There are different Monolingual Text Retrieval Models (VSM, GVSM, LSI, etc.), and different query expansion techniques (Pseudo Relevance Feedback, Relevance Feedback, Dictionary, Words Co-occurrence, etc.). In this project, we first explored the query expansion based on the ordered words co-occurrences. Then we proposed a new retrieval model -- Context Model -- based on the word similarity, and did some experiments on it. The results show that this model is good for short queries because the context of the words is considered in this model. After that, we designed lots of experiments regarding the different query expansion techniques applied to the different monolingual text retrieval models.
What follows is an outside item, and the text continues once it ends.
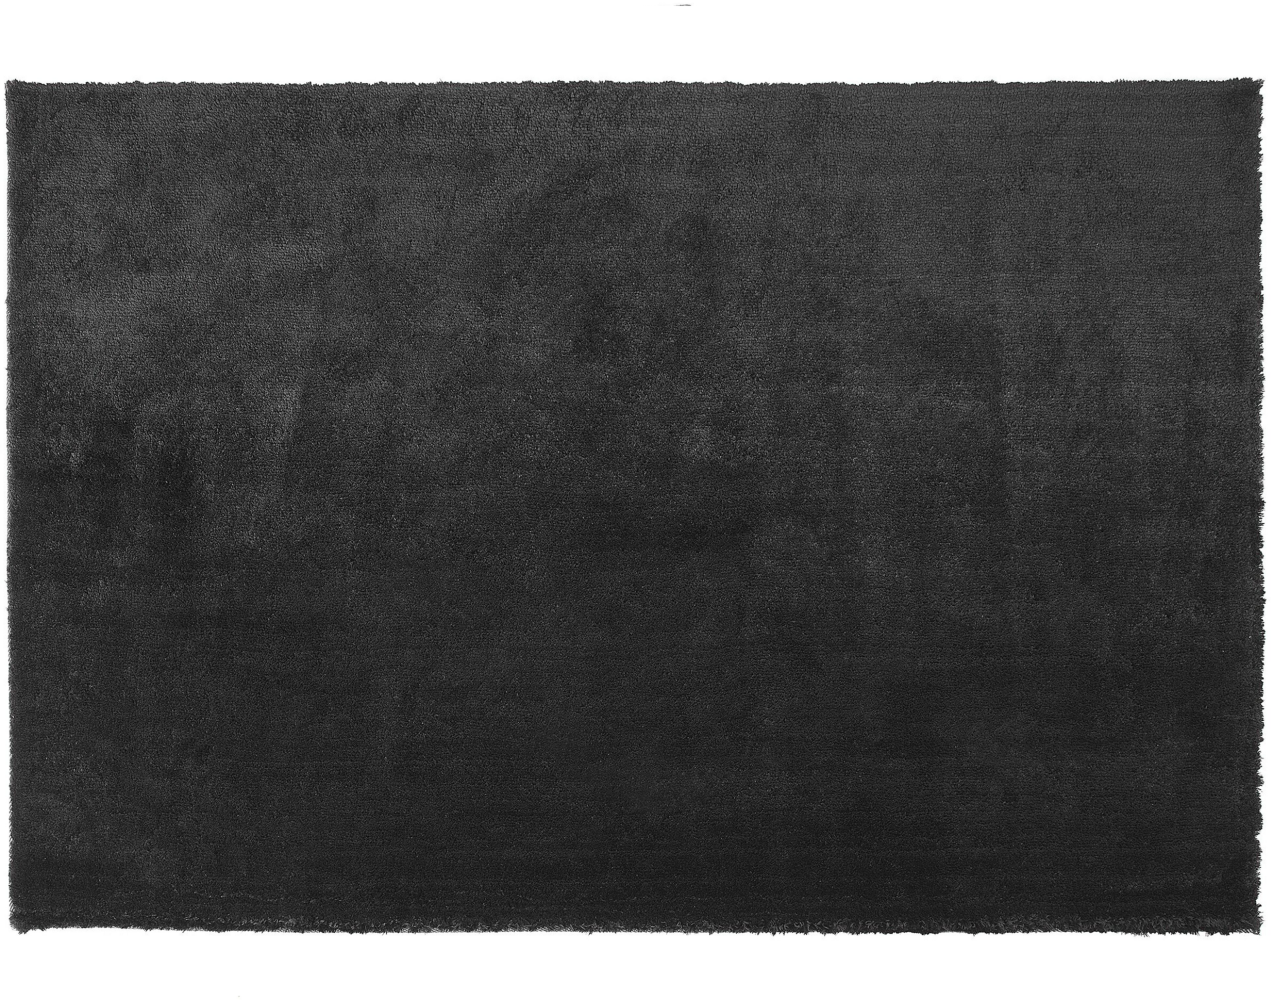 Teppich schwarz 160 x 230 cm Shaggy EVREN Bild 1

The results show that the RF can improve the perfor mance of almost all the models, the other expansion techniques depend on the retrieval models, the amount of the expansion, and the collections (or domains).

Proposal and Timelines

Click here to see the proposal

Timelines Table

Task	to be done by	status
Programming for stemming, deleting stopwords, calcuating the frequency of terms	Mar.3	Done
Programming for extracting the ordered word co-occurrence	Mar.10	Done
Design and implement the algorithm for query expansion based on SMART system	Mar.17	Also Finished PRF (Programmed by myself because when I do experiment, the class directory doesn't have the PRF program)
Design and implement the algorithm for query expansion based on WordNet and SMART system	Mar.24	Finished prototype demo system
Work on PRF, GVSM and LSI	April.7	Finished Relevance Feedback Method, query expansion using WordNet
Design and implement the Web interface for query expansion to some search engines	April.14	Generate Relevance Feedback Queries for test on GVSM and LSI. Because LSI can't run in my machine. Thank Xin Liu to help me run these experiments.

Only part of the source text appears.